As I wrote that sentence I wondered if there was any meaning in the natural order that those roles spilled out onto the screen. Some roles are new, while others (teacher, student, Easter Bunny) have been dropped. I rememeber in my twenties trying to figure out who I was and now as I complete my 30's I realize that who I am is an ever changing dynamic held together by some core values that get sorted out as I write. So welcome to The Nest.

Wednesday, June 16, 2010

Evil Genius




We were at the park yesterday afternoon and Nori was chattering away, as she does, asking questions, ("Why is Charlie doing that mommy?") and making declarations ("I want to wear my hat"). A woman overheard our exchange and asked, in that I just had to ask tone, "How old is she?" I replied, "Two, almost two and a half." The woman half nodded with relief and replied,"Oh she is so tiny. I thought she was younger." I laughed and jokingly said, "Yes, she probably looks like a little genius." To which she replied, "Well my daughter was talking at 9 months so that's what made me ask.." At which point the conversation was over but continued in my head.
"9 months, really? Wow that must have been really annoying. Did you just come from tennis lessons or do you always wear a short white skirt to the park to read Style magazine from the shady bench? Sorry to run, but I have to go now and chase after my son who is kissing the bronze statue of the little boy to whom this park is dedicated and stop my genius daughter from eating the mulch."

Hopefully my face was not gesticulating wildly during my inner dialogue. I wonder now about her motives in striking up the conversation. I guess it was not really a conversation at all, but really a fact finding mission, or a competition for which I forgot to pay the entrance fee. She didn't seem to be looking for a doubles partner. Maybe she was between fads in her magazine.

Saturday, June 12, 2010

Sand in Your Eyes

Our first beach day of the season. By day I mean the morning since as the nap nazi I had to have them in the car and on their way home by 12:00 so they could be in their cribs by 1:00. Overall a great morning but I did lose one of Charlie’s shoes somewhere between pushing the stroller up a hill of sand and d-sanding two two-year olds in the back of the car. I am still considering it a win since it was only one shoe.

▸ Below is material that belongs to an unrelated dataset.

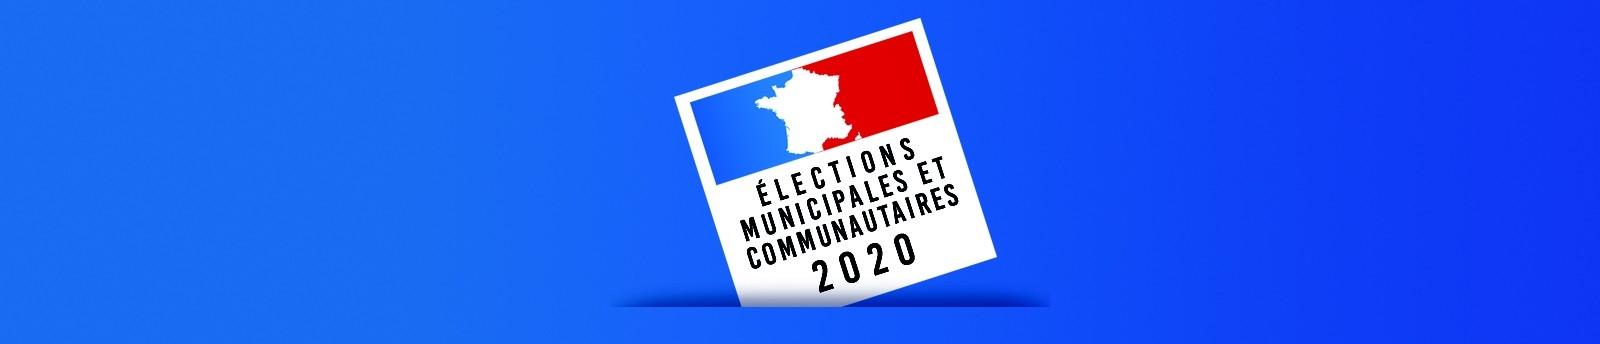 Service De Consultation Des Listes Electorales Marseille Services

I met two moms from the neighborhood there. All of our children are in their two’s. At this point they play together without much intervention from the moms, giving us the opportunity to talk. So what so we talk about? The kids. I guess it is the same with any work colleague-you discuss the job and as you get to know one another better you decide who will be more than a colleague. Two years in and I am still finding my place in the motherhood community. It took me at least six years to feel like a natural at teaching so I guess I have some time left to get the hang of this job and the politics that go with it. Ironically, by the six-year mark I should get a paying job, putting me into a whole new demographic.

As a teacher I liked getting observed and evaluated. I liked feedback and constructive criticism. It was a way for me to check in and improve. The evals at this job are a little less concrete and not often constructive.

However, every now and then I get a “Yay mommy.” And that, by far, is the best evaluation I have ever gotten.

Thursday, June 10, 2010

Let Love Rule



Our usual routine when crossing a parking lot out to the car involves carrying Charlie and taking Nori by the hand. Nori could walk before Charlie, and now she is less likely to break free and run than he is. Once in a while, I here a request from down below. “Pick me up mommy.” So I assure myself that I look like a bad ass, rather than an over taxed mother of twins, and carry a child in each arm. A few days ago I honored the request, and as I juggled Nori into the bend of my elbow, she laid her head on my shoulder and said, “I love you.” Rather than reciprocating her declaration I paused in step and speech and questioned her motives. Does she love me because I just got her a cookie from the bakery even though we will eat dinner in 15 minutes? Is it because I am not strict enough and I give in to her every whim? Does she even know what she is saying? Am I teaching her what love is? Correctly?


Loving correctly. Now that’s how I know I am dangerously close to parenting pedantry. Today, I am just going to bask in the love and leave the analysis to the experts.